Life is especially important for the formation of the Frasassi Caves. The hydrogen sulfide that flows into the cave provides an abundant source of chemical energy for chemosynthetic bacteria and archaea. These chemosynthetic cave microbes live off hydrogen sulfide in the same way we humans live off organic carbon. At the cellular level, they can be thought of as “eating” hydrogen sulfide and “breathing” oxygen just as we eat sugar and breathe oxygen, and their metabolic waste products are elemental sulfur and sulfuric acid. As microbes use hydrogen sulfide in the cave, they produce sulfuric acid at much faster rates than it would occur otherwise, and in doing so, they substantially speed up cave formation.
Microbial life in the cave is important in other ways as well. Not only do they help form the cave, but are the base of a food web that supports entire subterranean ecosystems based on chemical energy from sulfide. Life is especially robust right at the cave water table where the sulfidic groundwaters mix with oxygen. Microbial growth in the streams and on the walls support consumers that include a variety of invertebrate animals, many of them unique to the cave. Animal life in Frasassi includes (but is not limited to) spiders, isopods, springtails, snails, copepods, ostracods, oligochaete worms, and planarian worms (flatworms). In an exciting discovery, researchers found that the most abundant invertebrates in the cave, an amphipod in the genus Niphargus, have a symbiotic relationship with a specific type of chemosynthetic bacteria. The Frasassi Caves are an oasis for subsurface life.

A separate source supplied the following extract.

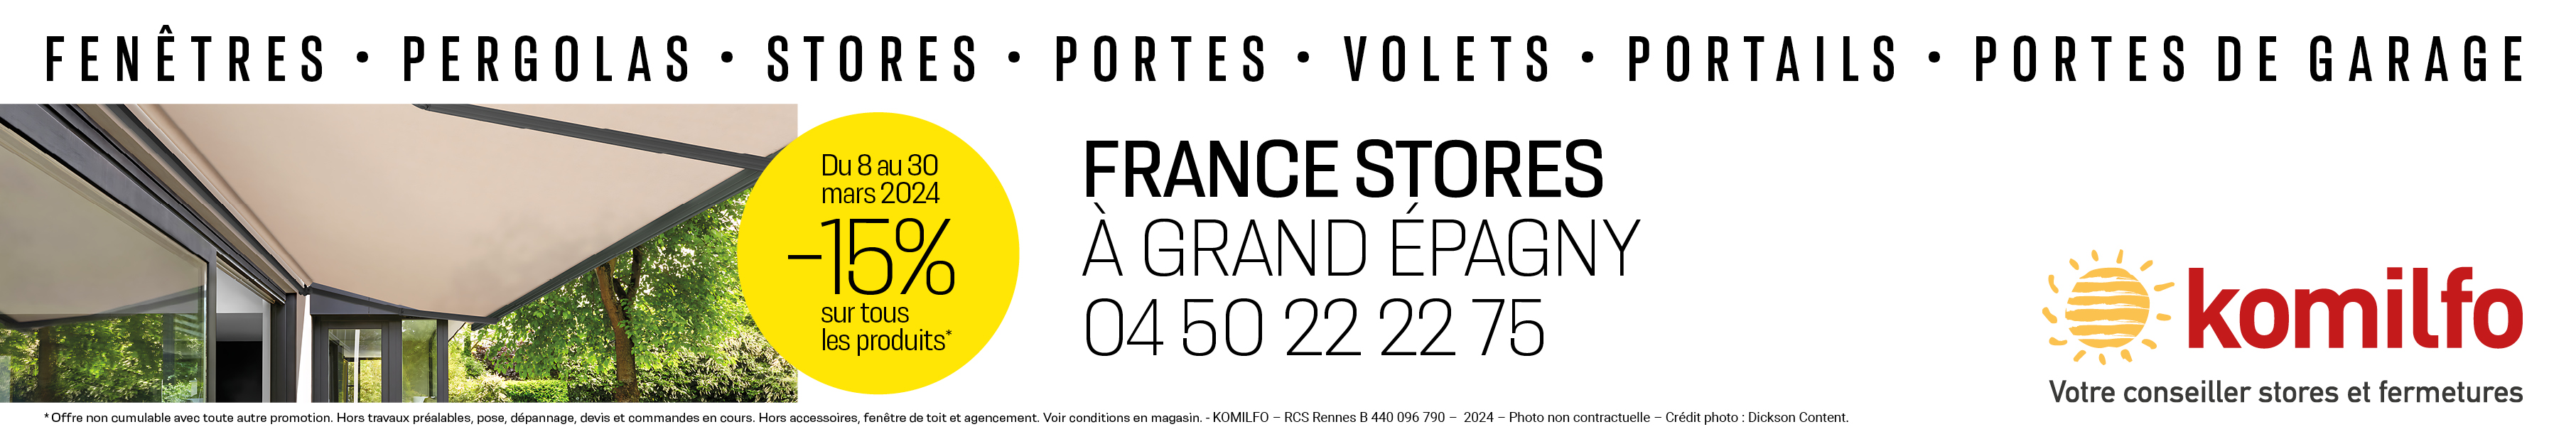 Publicité - France Stores

Some of the microbial life in Frasassi is unusual and extreme. Highly acidic biofilms dangle from the cave walls and ceilings, often right above cave streams where hydrogen sulfide is rapidly degassing. Because of their shape and texture, these biofilms are known as “snottites.” They are created by colonies of acid-adapted microorganisms that live off hydrogen sulfide gas from the cave air. Snottites have a pH of less than 1, which is more acidic than the acid in your stomach, so the microorganisms that create and colonize these biofilms have special adaptations to survive in such extreme acid. Such acid-adapted organisms are known as acidophiles (acido = acid, phile = love), and these and other microorganisms that are found in harsh environments are known more generally as “extremophiles.” Many of the extremophilic bacteria and archaea in snottites are novel, and studying these communities is helping increase our knowledge of the diversity of life on Earth.
Diverse microbial communities thrive throughout the cave. In cave streams, chemosynthetic microorganisms feed on dissolved hydrogen sulfide and form white biofilms that cling to submerged rocks and coat sediments. On the walls, other acidophilic microorganisms live on the gypsum wall crusts near snottites. In places where gypsum wall crusts give way to exposed limestone, patterned wall deposits known as biovermiculations develop. Biovermiculations are meandering films of organic-rich sediment that stand up to 1 cm in relief from the limestone surface. They can be found far from the hydrogen sulfide gas sources. In fact, relict gypsum crusts and vermiculations in older cave levels may preserve information on the microbial processes that were active during earlier episodes of sulfuric acid cave formation. This is especially useful in distant areas of the cave where we know little about their past microbial processes. Even more mysterious are unusual and enigmatic rope-like microbial formations that are found deep in lakes in the most distant passages of the cave. There is still much to learn about life in the Frasassi Caves.